**Description of the task:**
Leave out every picture and set down, exactly, the lines below from the one holding "Kristall-Weingläser Brillante mit" up to and including the one holding "El accesorio de".

START Extracted material

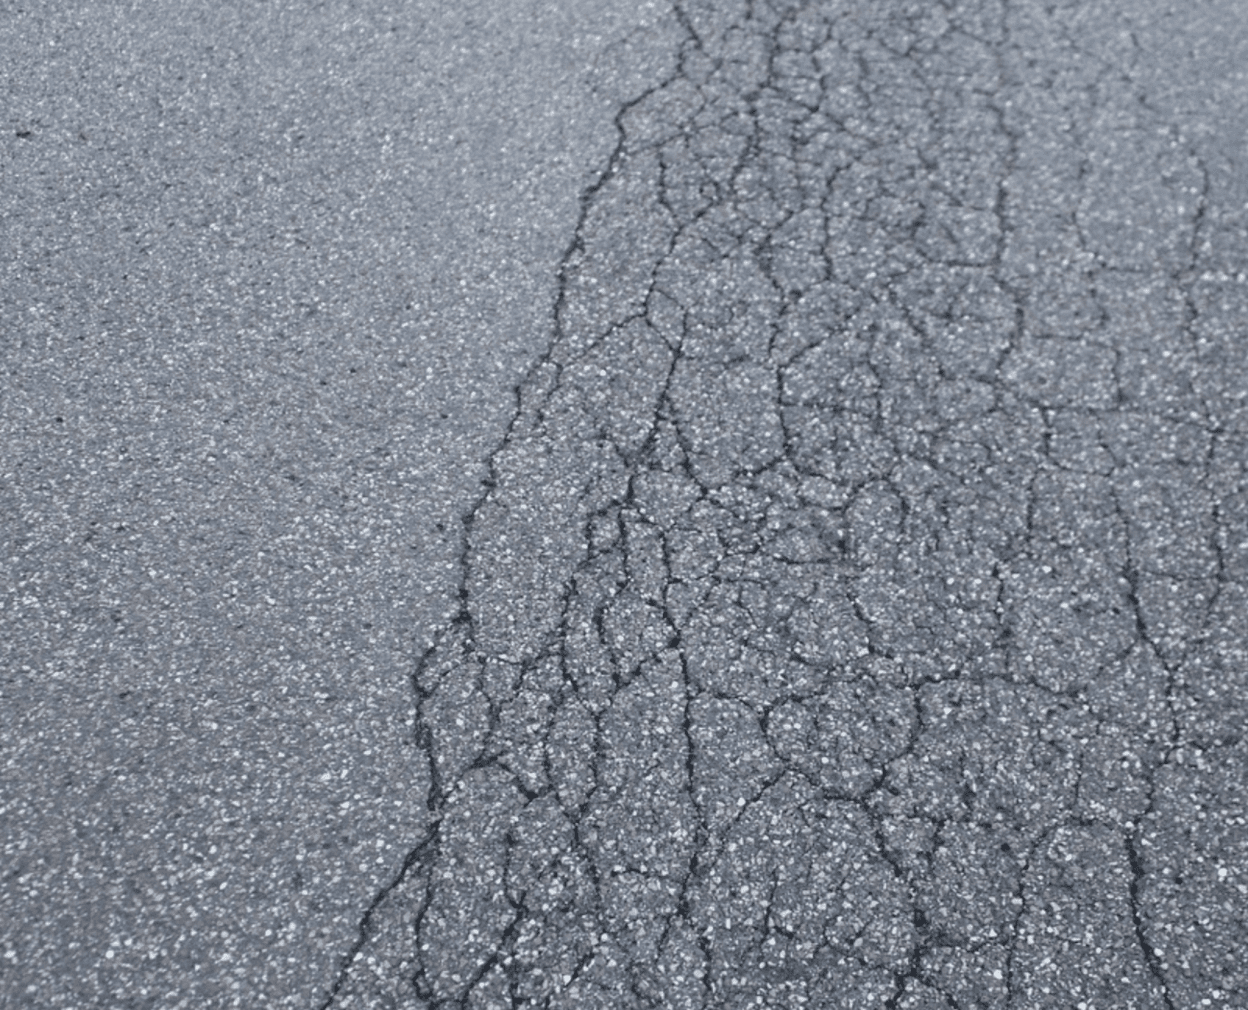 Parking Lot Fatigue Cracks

END Extracted material
START Extracted material

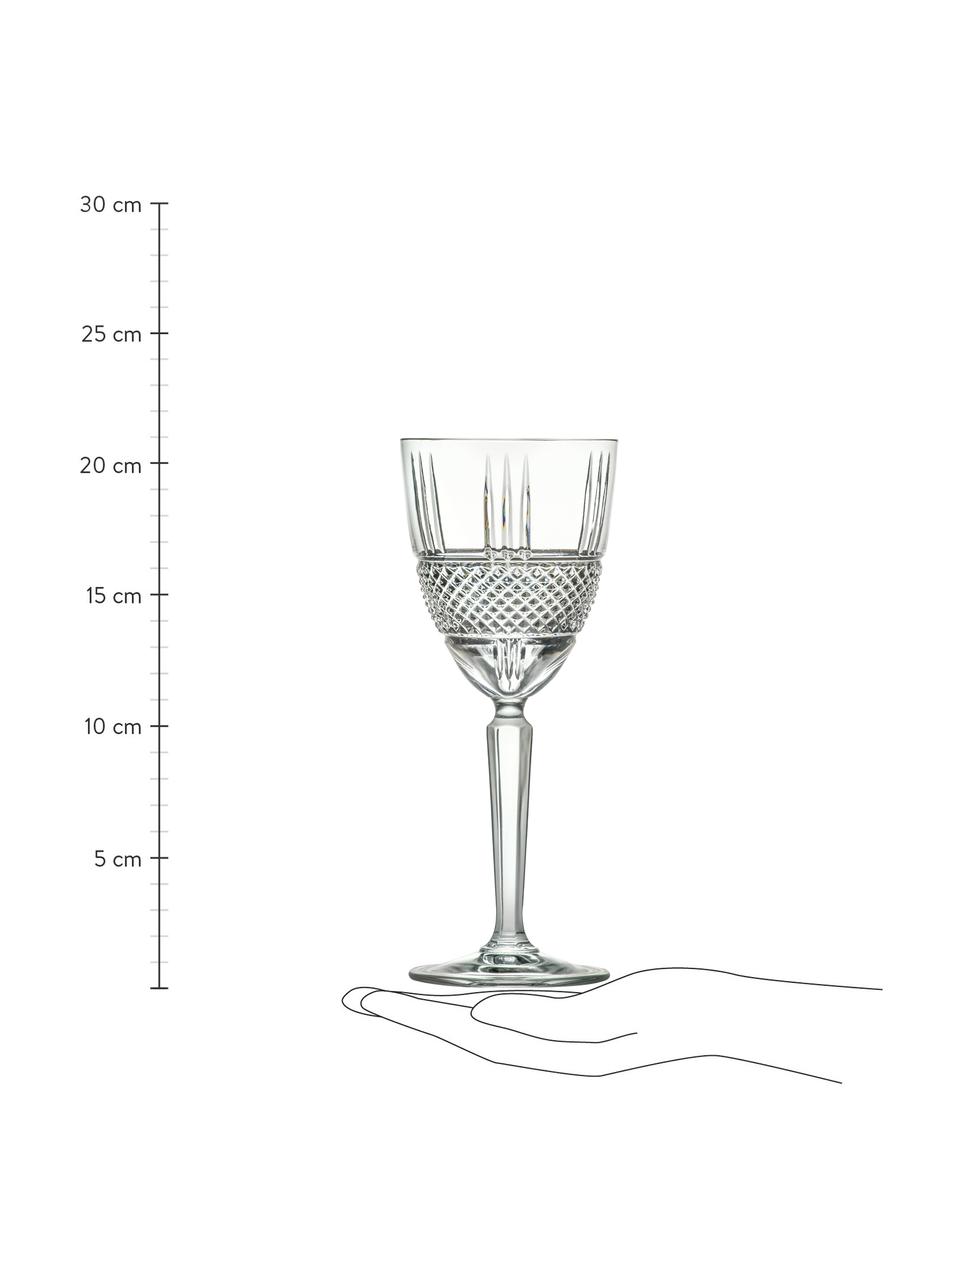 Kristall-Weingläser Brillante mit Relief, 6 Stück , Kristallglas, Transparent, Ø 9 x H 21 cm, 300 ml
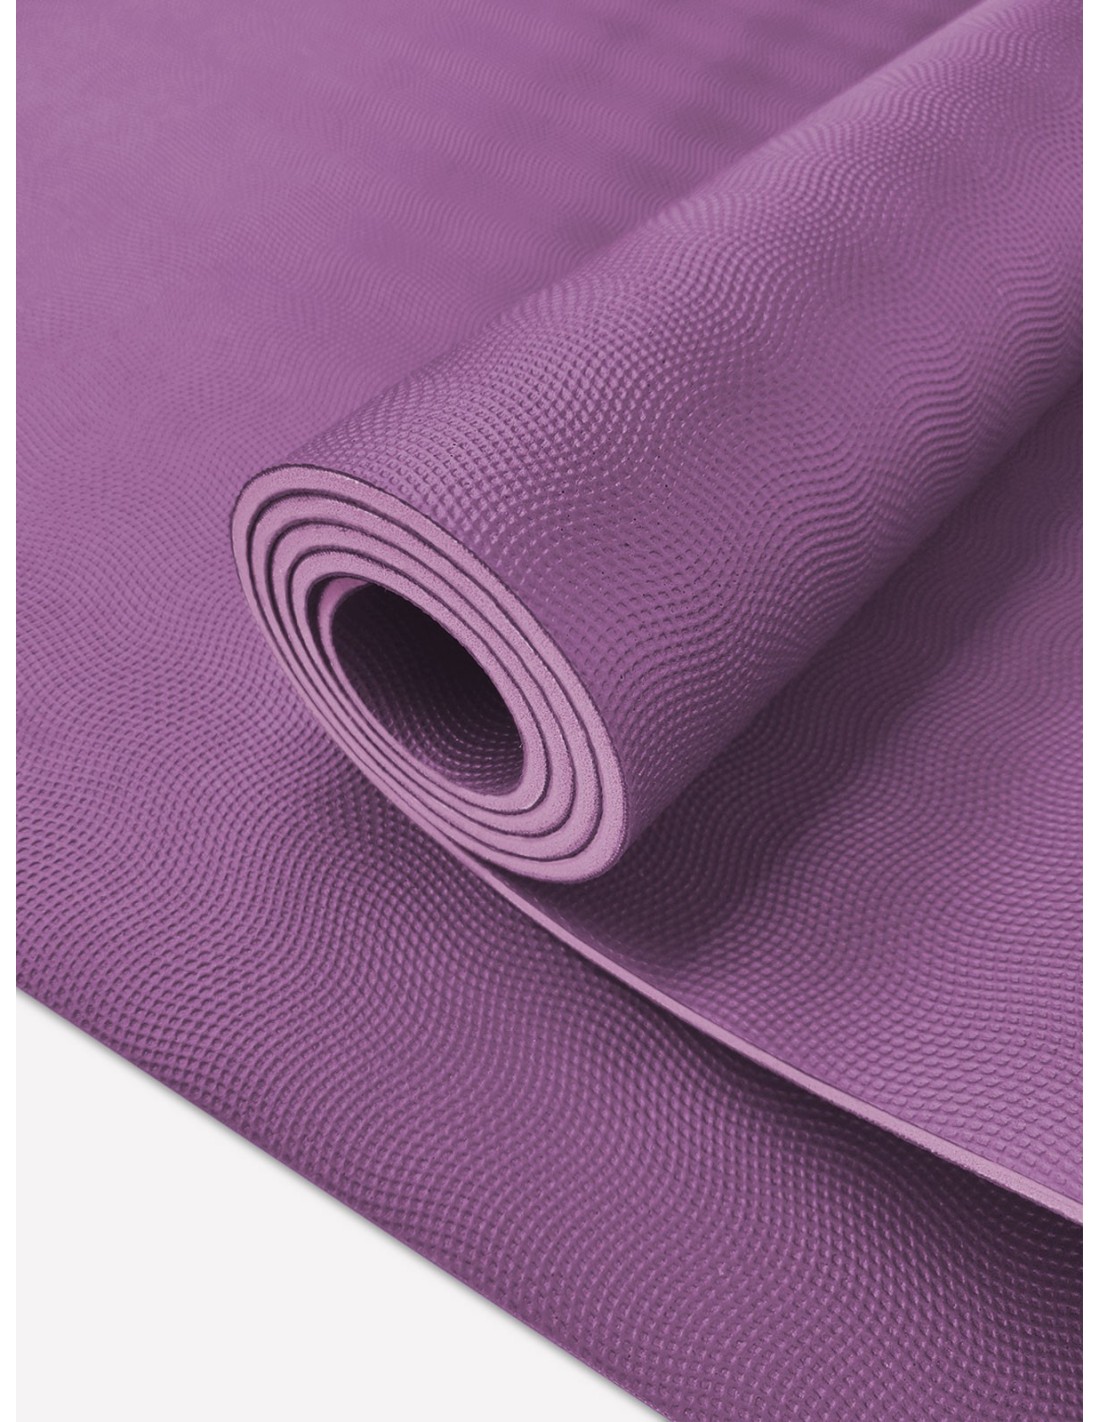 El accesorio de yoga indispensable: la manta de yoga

END Extracted material
START Extracted material

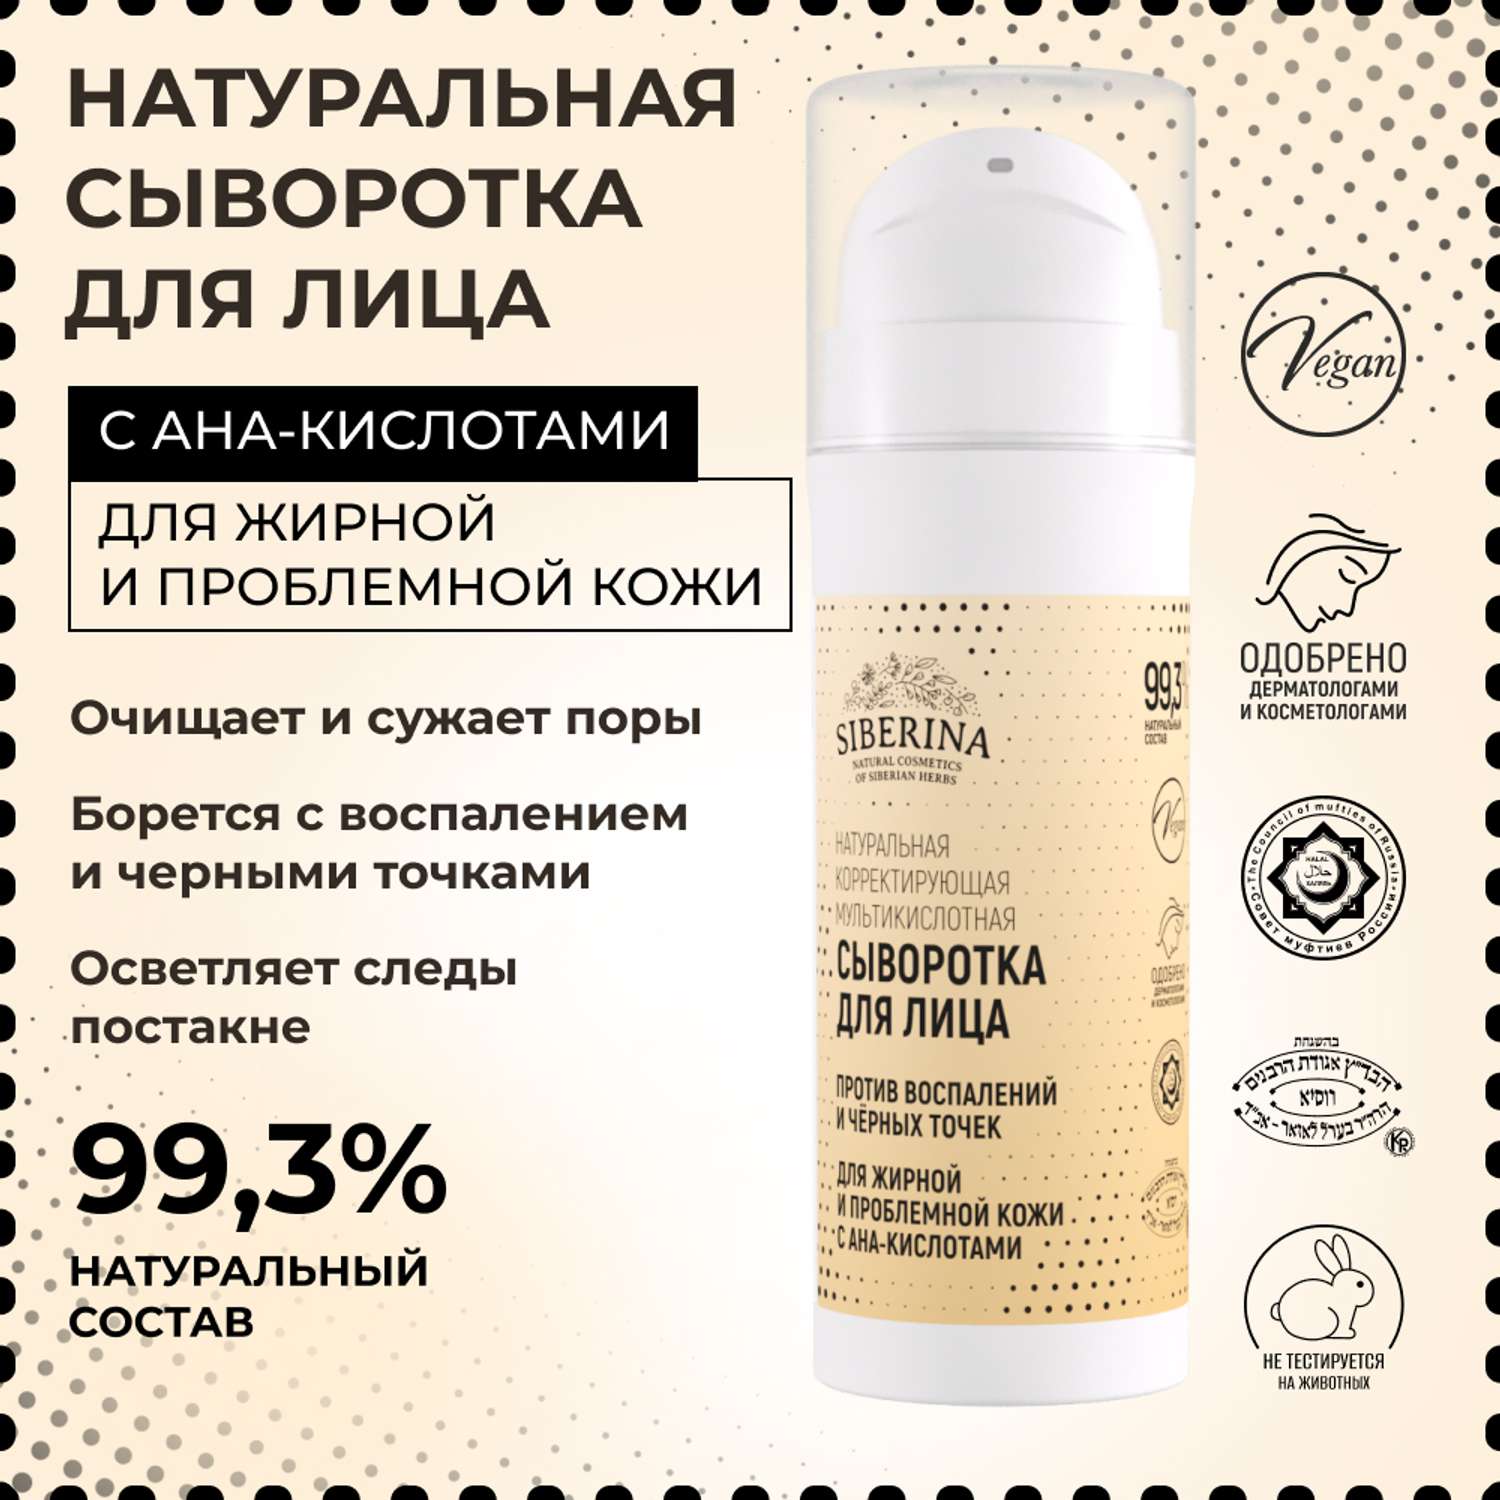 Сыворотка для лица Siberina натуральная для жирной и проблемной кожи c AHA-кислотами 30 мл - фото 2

END Extracted material

**Written response:**
 Kristall-Weingläser Brillante mit Relief, 6 Stück , Kristallglas, Transparent, Ø 9 x H 21 cm, 300 ml
 El accesorio de yoga indispensable: la manta de yoga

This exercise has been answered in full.